To summarize the variability changes in all measured parameters, NHGRI-1 fish showed smaller coefficients of variation compared to AB fish in ~84% endpoints.

4. Discussion

Values of heart rate, stroke volume, cardiac output, and oxygen consumption from our study are consistent with previously reported values [31,40,41,42,43,44,45,46], especially for AB zebrafish. However, control values for NHGRI-1 zebrafish were typically slightly lower than in control AB zebrafish. Lipid metabolism in the yolk sac [47], mathematical models describing the relationship between yolk absorption and growth [48], and how environmental factors influence the absorption of the yolk [46] have been reported, but we know of no studies of yolk conversion efficiency in zebrafish.
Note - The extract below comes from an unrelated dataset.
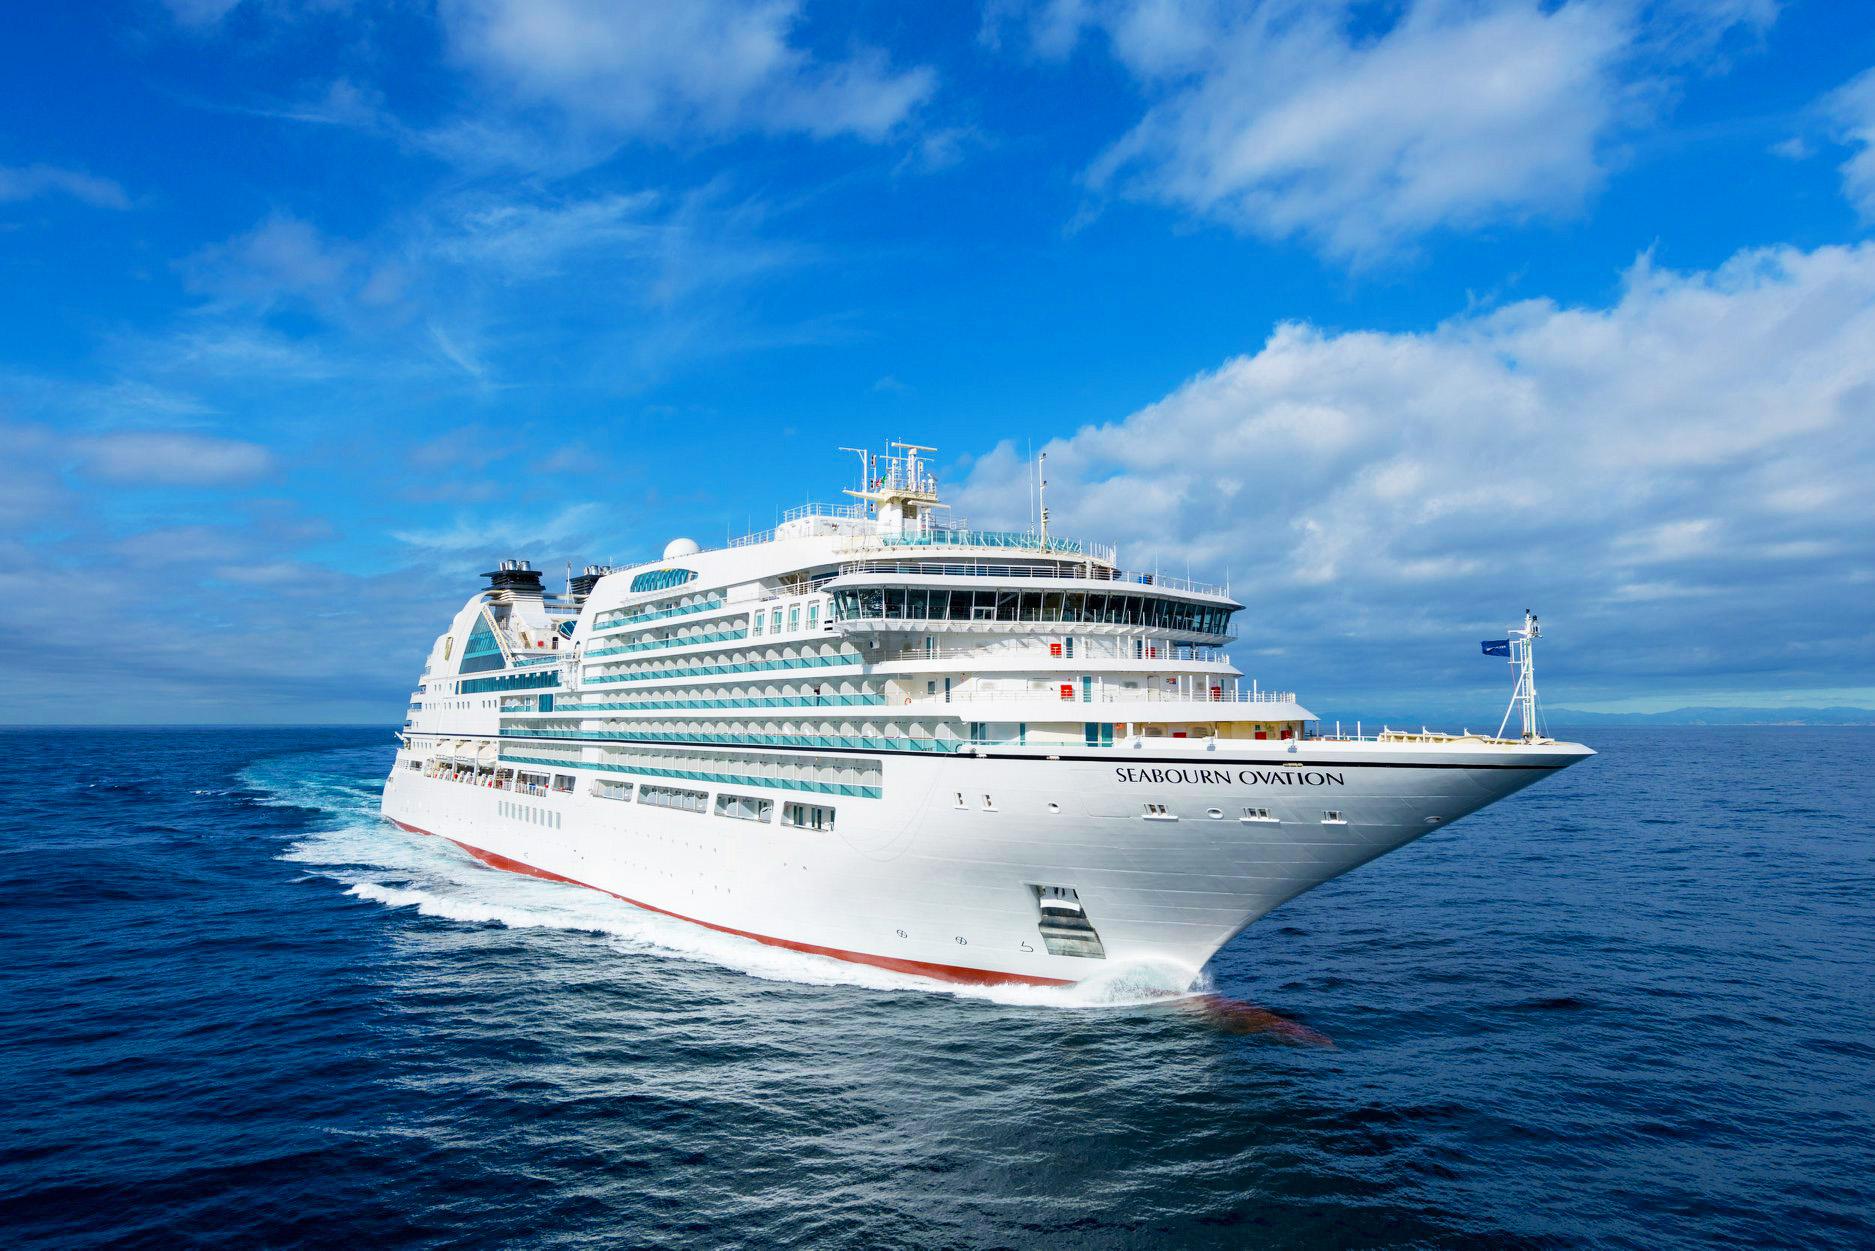 تور کشتی آنتالیا، تجربه ی دل انگیز یک روز تابستانی

4.1. Physiological Variation Across Taxa

Revealing mechanisms by which physiological variation occurs within and across taxa facilitates our understanding of the contribution of inter-individual variation to the range of variation within a species to the relationship among species and their environment [2]. In invertebrates, major physiological mechanisms (e.g., respiration, digestion, reproduction, behavior, etc.) are highly conserved across taxa with different degrees of complexity, facilitating the investigation of evolutionary adaptations against environmental challenges [49,50] as well as mechanisms associated with plasticity in vertebrates [51,52]. Physiological variation in vertebrates from either natural or laboratory populations influences hypoxia and thermal tolerance [53,54,55,56,57,58], metabolic rate, stress response, developmental plasticity [59], and cardiac function [60]. Essentially, physiological responses are well conserved across the evolutionary scale, and variation in the degree of physiological responses is evident within and among population/species that inhabit different natural environments or when exposed to either similar or completely different controlled laboratory conditions. Moreover, physiological variation is one of the pillars leading to natural selection and evolution [61], even at the molecular level [62]. However, such variation greatly complicates assessment of how animals respond physiologically to environmental stressors. To overcome the obfuscation that variability can bring, the use of research models with decreased variation is a useful strategy to reveal specific biological characteristics [30].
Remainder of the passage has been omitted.